Leslie suspiró aliviada; su cercanía había hecho algo en su interior, y no estaba segura de que debiera tener tal reacción hacia este hombre.
«Entonces, ¿por qué accediste a esto?», volvió a preguntar, con la mirada fija en ella.
Ella carraspeó y se armó de valor.
«Eso no es de su incumbencia, Sr. Blackwood».
Los ojos de Julian se endurecieron una vez más mientras decía: «No cometas el error de pensar en esto como algo más que un acuerdo comercial». Dicho esto, se giró hacia la puerta y se alejó.
Leslie cerró los ojos mientras una sensación de profundo aislamiento recorría su cuerpo. Se sentía herida, rechazada y sola. ¿En qué me he metido?
«Son 15,35 dólares, señora», dijo una voz sombría, sacando a Leslie de sus pensamientos. Ella levantó la vista y vio al taxista que todavía la miraba por el espejo retrovisor.
«Ah, claro, lo siento», dijo, hundiendo los dedos en el bolso. Sacó algo de dinero y se lo entregó al hombre. Se bajó del vehículo, cogió dos maletas del maletero y se quedó asombrada ante la mansión que tenía ante sí. Se sintió abrumada y muy pequeña ante tanta grandeza.
«Así que esta es la mansión Blackwood», murmuró sin dirigirse a nadie en particular.
Una señora con uniforme de criada, con el rostro impasible, se acercó a ella y dijo respetuosamente: «¿Es usted Leslie Harrison?».
Leslie carraspeó y respondió: «Sí, lo soy», intentando fingir una sonrisa.
«Bienvenida a Blackwood Manor, señora. Me llamo Kris», se presentó la señora.
«Permítame que le ayude», dijo, refiriéndose a las maletas de color marrón.
—Por aquí.
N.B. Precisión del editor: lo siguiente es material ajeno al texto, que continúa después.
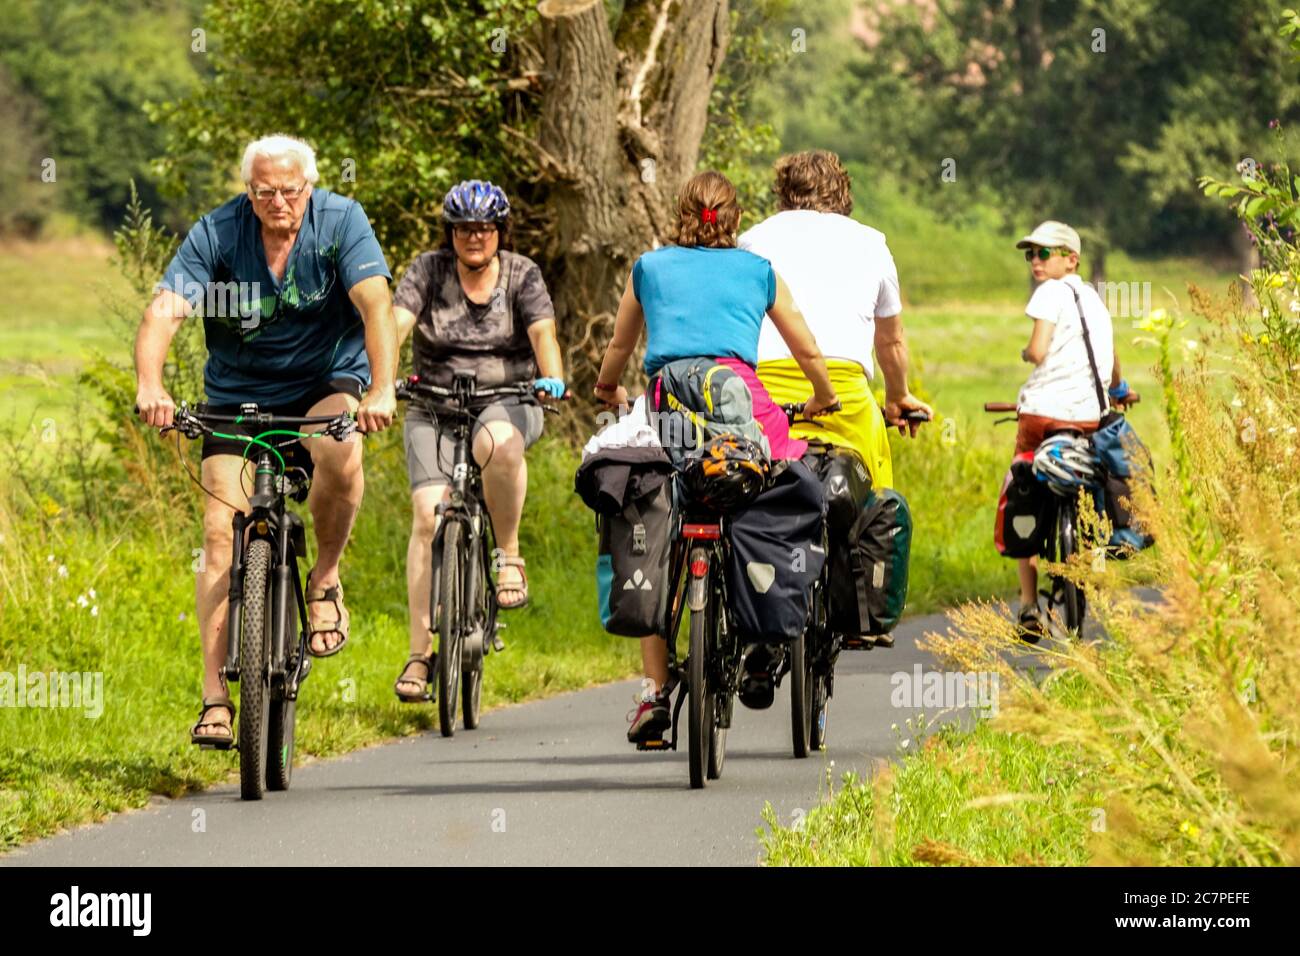 Cyclistes sur l'Elberadweg, un sentier cyclable menant à travers une vallée le long de l'Elbe, les gens aiment le vélo vacances Saxe Allemagne Banque D'Images

La estaba esperando. Me enviaron a recibirla —dijo Kris, señalando hacia adelante con la mano y guiando a Leslie a través de la gigantesca puerta negra.
«Claro, por supuesto», respondió Leslie, mirando a su alrededor la enorme casa mientras entraban. Tenía un aire gótico, inquietantemente tranquilo. Le dio escalofríos y se estremeció cuando llegaron a las elegantes puertas francesas, que fueron abiertas por un mayordomo elegantemente vestido que simplemente les hizo un gesto con la cabeza.
Leslie se quedó boquiabierta al contemplar la lujosa decoración de la mansión. Rápidamente se controló y miró hacia adelante para ver a Julian Blackwood sentado en un inmaculado sofá azul real con el periódico del día en la mano, con la mirada fija en él. Ni siquiera le dirigió una mirada mientras decía con voz profunda y fría: «Bienvenida a la mansión Blackwood, señorita Harrison».
—Yo diría que el placer es todo mío, pero eso sería mentir, Sr. Blackwood —espetó Leslie, captando finalmente su atención.
Él arqueó una ceja, dobló el periódico cuidadosamente y se puso de pie.
—Bien —dijo.
—Sigamos con el recorrido por el lugar. Tengo cosas bastante importantes que hacer, así que empecemos —dijo con impaciencia.
La irritación aumentó en Leslie.
«No tienes que hacer esto», pero él ya se había alejado, dejándola atrás. Se mordió la lengua con frustración y caminó a paso ligero para seguirle el ritmo. Su visita fue una de las más aburridas en las que había estado, y como persona artística, había estado en muchas visitas aburridas. ¿Pero Julian Blackwood? Él ocupaba el primer lugar de esa lista. Señaló al azar el…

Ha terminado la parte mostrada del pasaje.